« Ma vie de famille n’a pas été bouleversée, nous nous sommes simplement adaptés ». « Les avantages…le salaire plus un aller retour par mois vers Douai, pour limiter les frais j’ai trouvé un appartement en collocation ». C’est ainsi que Renault vante auprès de ses salariés de Douai la GPEC basée sur le principe du « volontariat », limitée dans le temps, mais dans les faits renouvelable sans limite.
Cette vision idyllique est loin de ce que vivent aujourd’hui plus d’un millier de salariés des usines Renault, qui pour certains ballottés d’usines en usines depuis 2008, vont de Sandouville à Flins, en passant par Douai, tout en logeant dans des mobile-homes sur des terrains de camping souvent boueux une bonne partie de l’année. Afin de limiter les coûts ils partagent souvent leur logement à plusieurs, et se contentent au mieux d’un rapide Aller Retour dans leur famille le Week-End. Même si financièrement ces salariés s’y retrouvent, leur situation au quotidien n’est pas plus enviable que celle de travailleurs immigrés entassés dans des logements insalubres ou celle de travailleurs saisonniers de l’agriculture.

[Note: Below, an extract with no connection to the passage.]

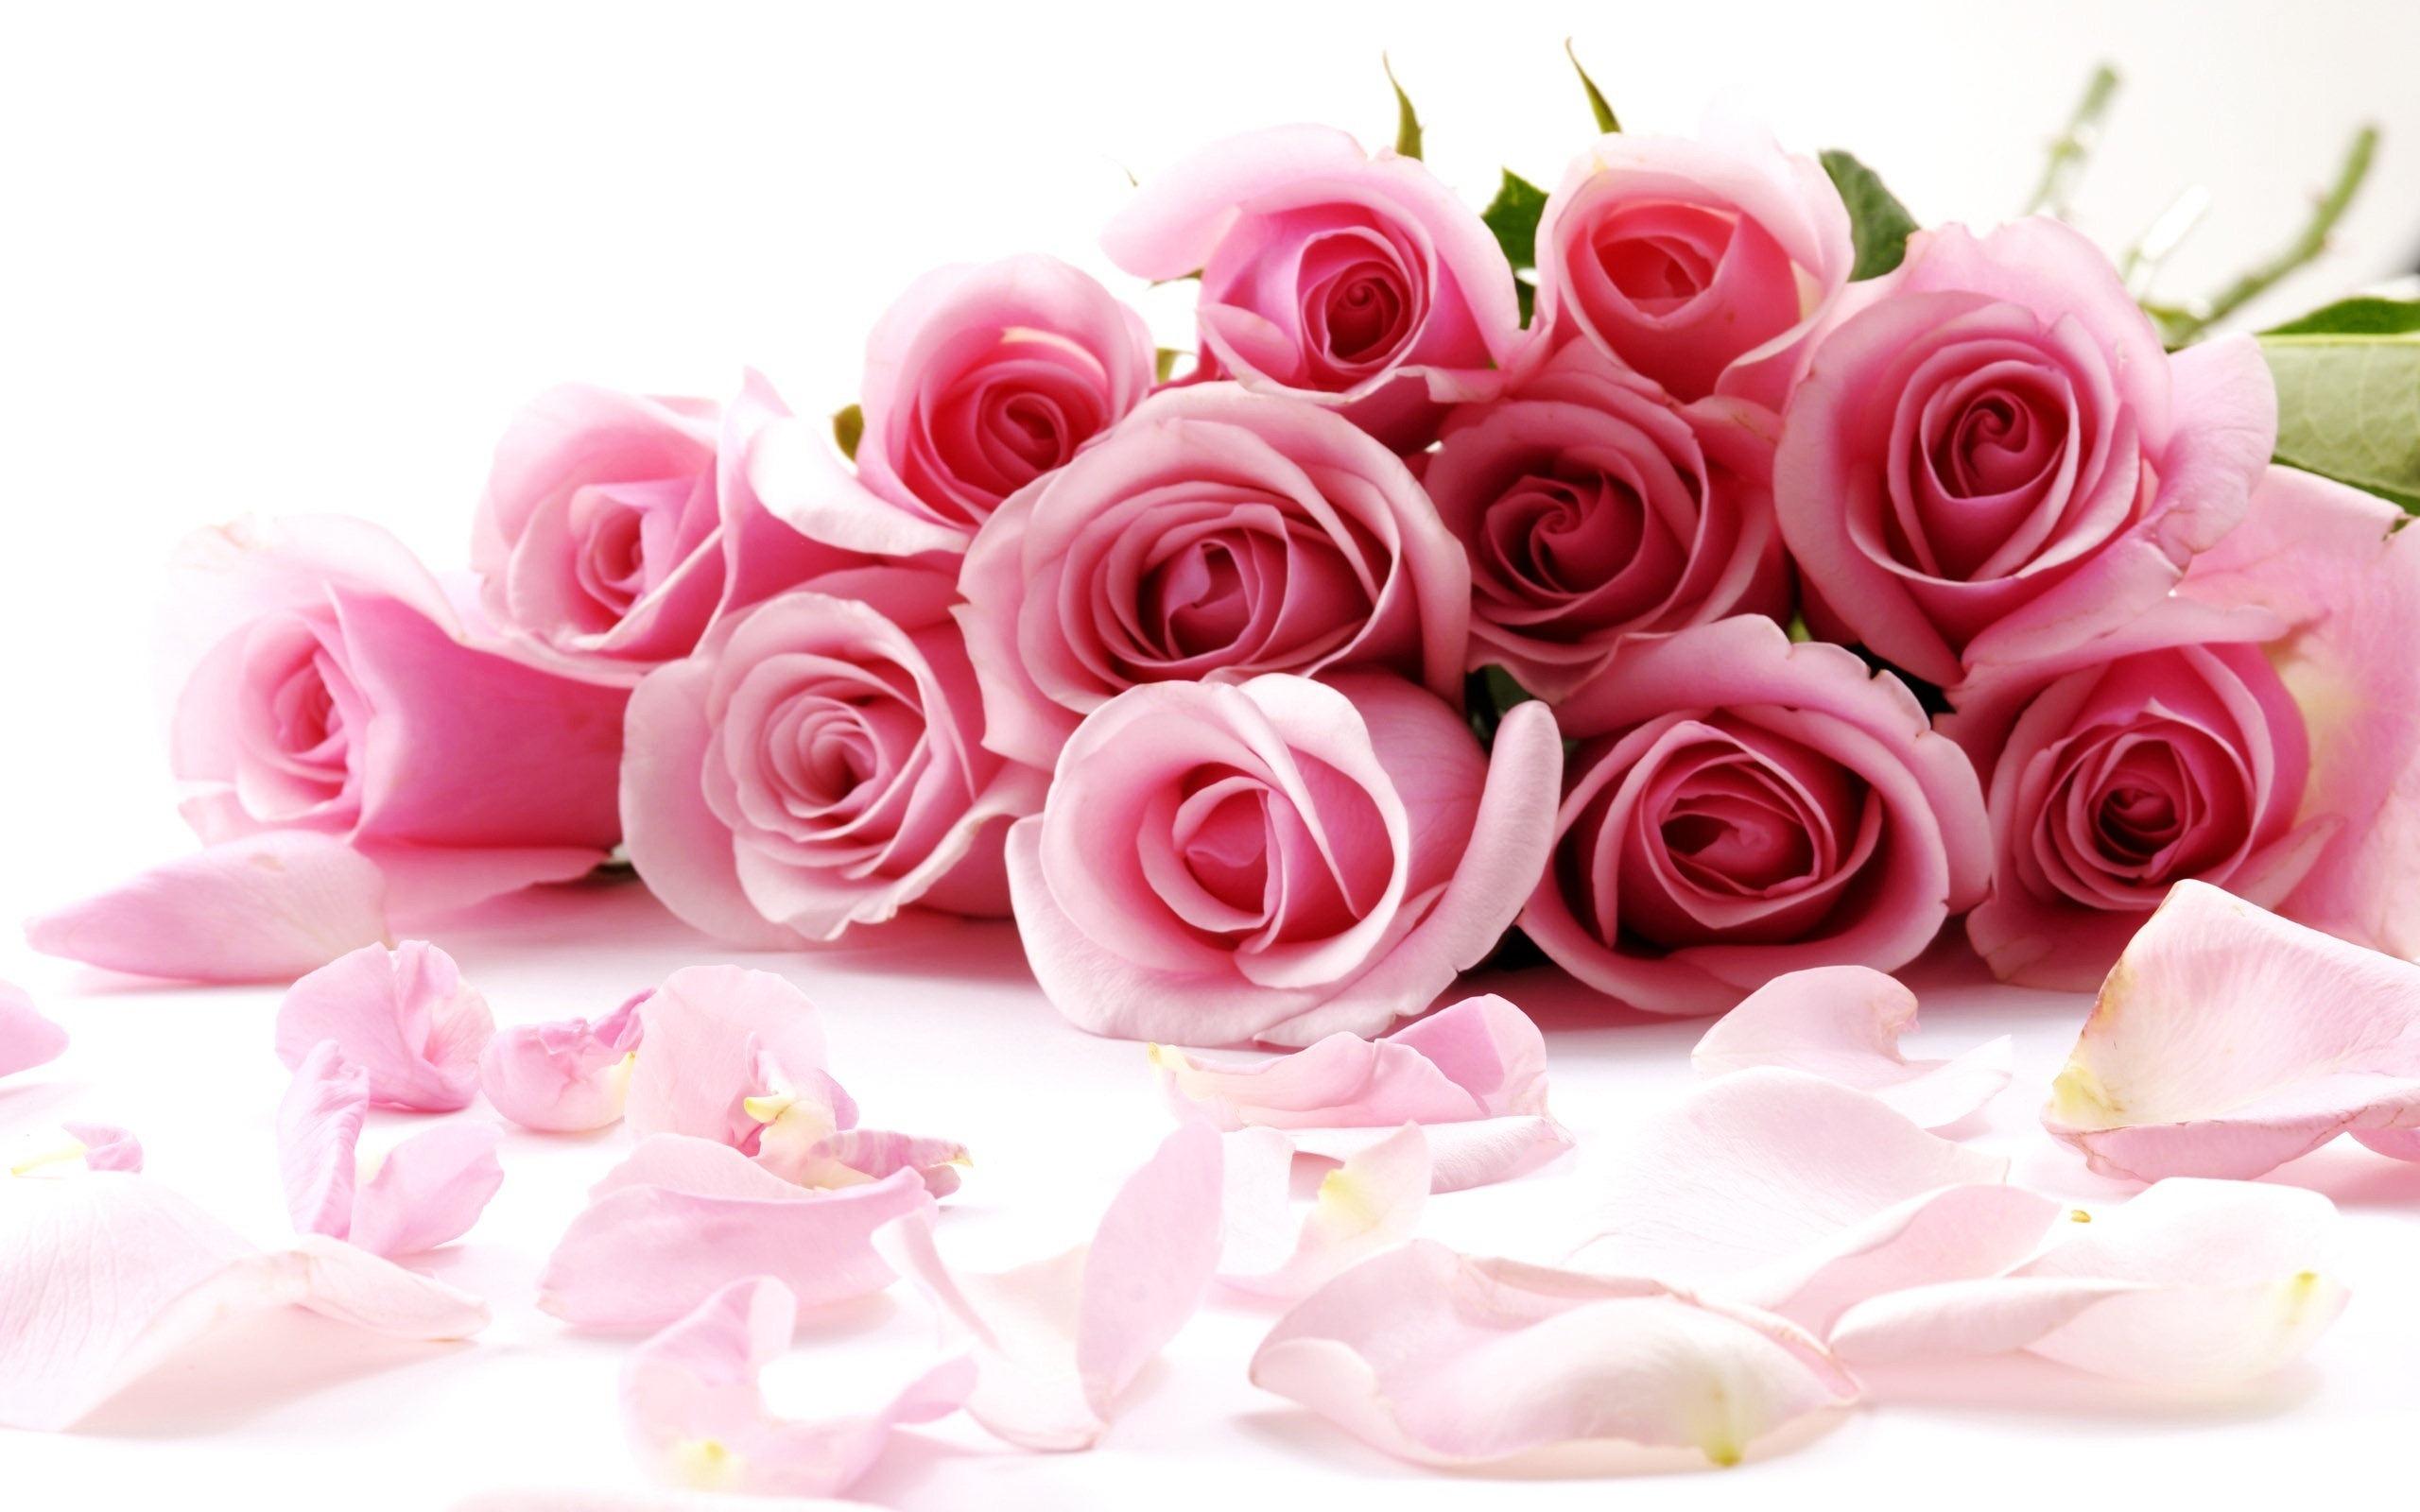 VALENTINE 2017: Kisah Tragis di Balik Perayaan Cinta Hari Valentine

En programmant la diminution de charge de ses usines Françaises, Renault ajuste ainsi les effectifs de chaque site à ses propres besoins stratégiques, et par ce jeu de déplacement des salariés une usine pourra discrètement se mettre au ralenti pour être fermée dans quelques années « en douceur ».
L’accord interprofessionnel de janvier, non seulement élargit à l’ensemble des entreprises la notion de «mobilité interne» (art15) mais permet à une société comme Renault de renforcer sa stratégie en faisant sauter la carotte financière pour motiver ses employés: en cas de refus ce sera un licenciement pour motif personnel!

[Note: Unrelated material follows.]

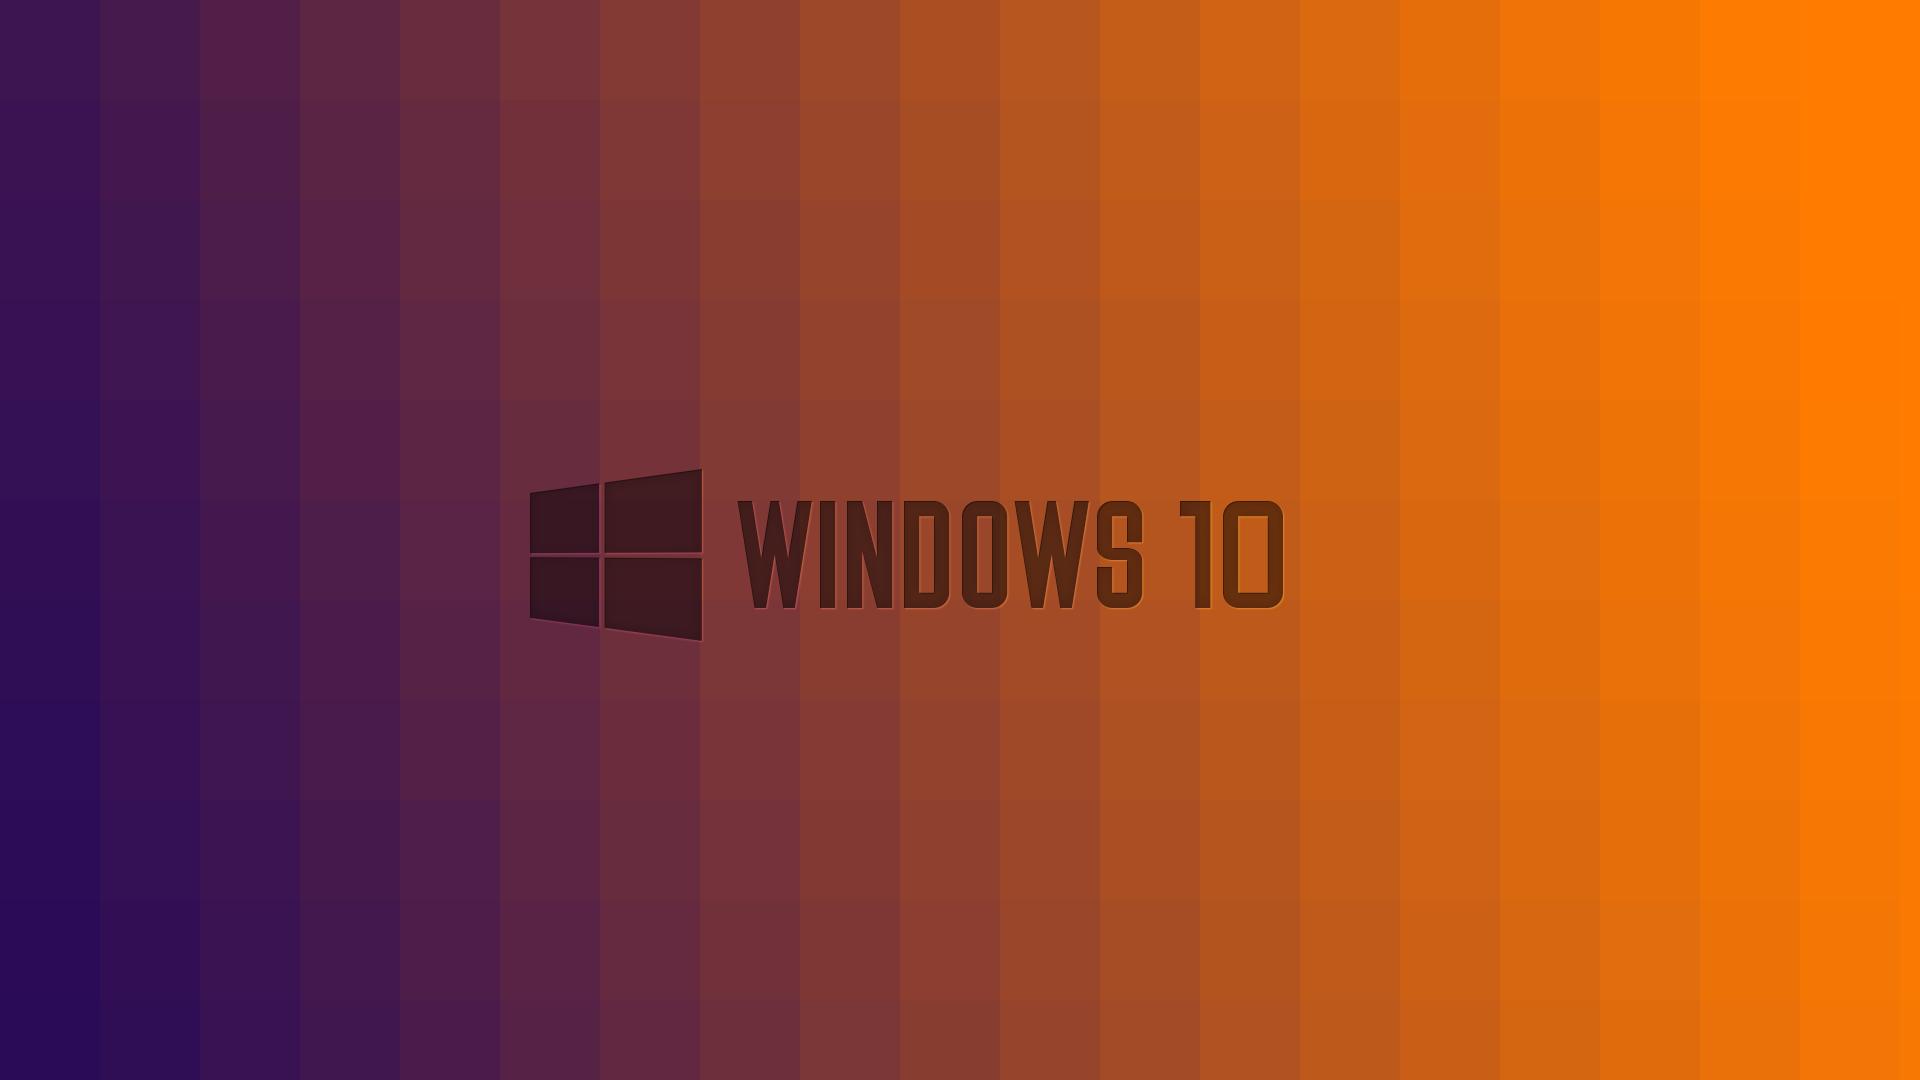 Windows 10 wallpaper by CryDagon

La mobilité géographique (mais aussi professionnelle) pourra être programmée par un plan triennal. Et rien n’interdira donc une entreprise de déplacer son personnel tous les trois ans en éliminant ceux qui refusent de suivre, elle pourra également ponctuellement utiliser «l’accord de maintien dans l’emploi» (art18) pour ajuster les salaires et de nouveau éliminer les récalcitrants, puis si nécessaire s’appuyer sur l’article 23 de ce même projet définissant «l’ordre des licenciements»…
Il s’agit bien d’une précarisation des emplois, avec l’impossibilité pour un salarié d’envisager de s’établir de façon durable sur un bassin géographique, empêchant toute réelle insertion dans la vie locale. Les difficultés pour se loger, ou tout simplement l’impossibilité pour le/la conjoint(e) de suivre renforceront l’isolement des travailleurs concernés au détriment notamment de leur vie sociale et familiale et de l’éducation des enfants.

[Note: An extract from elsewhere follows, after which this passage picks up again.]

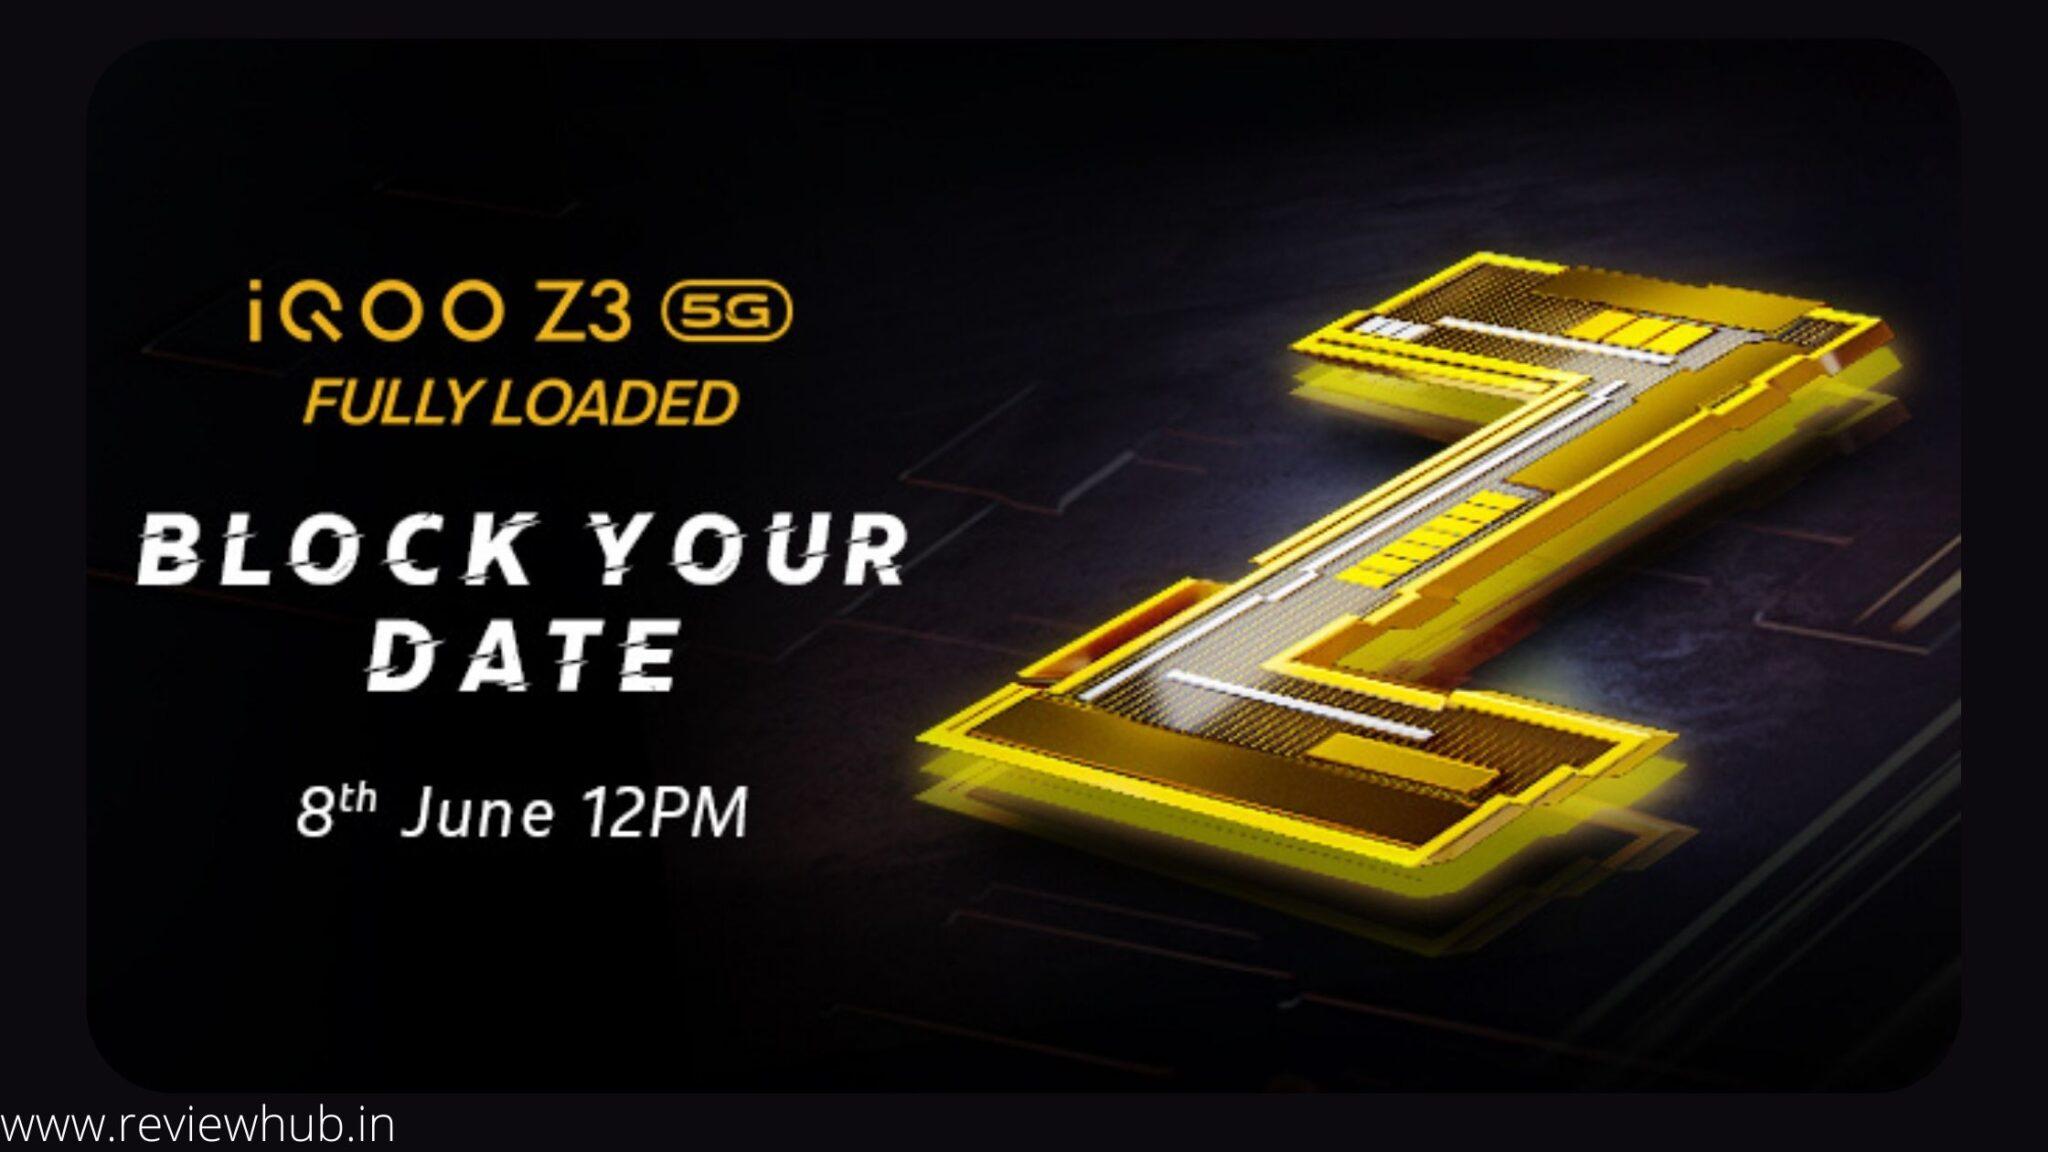 iQOO Z3 5G launch date

Cette mobilité interne forcée nous renvoie au vécu des salariés de France Télécom dans les années 2000: restructurations multiples, changements de métiers…. jusqu’aux suicides. Toutefois c’est en toute légalité que pourra s’établir ce nouveau harcèlement non seulement des salariés mais de leur proches. Finalement les auteurs de cet accord en offrant sur un plateau au Medef une plus grande précarité des salariés, ne feront que casser en quelques mois ce que d’autres ont construit en plusieurs décennies.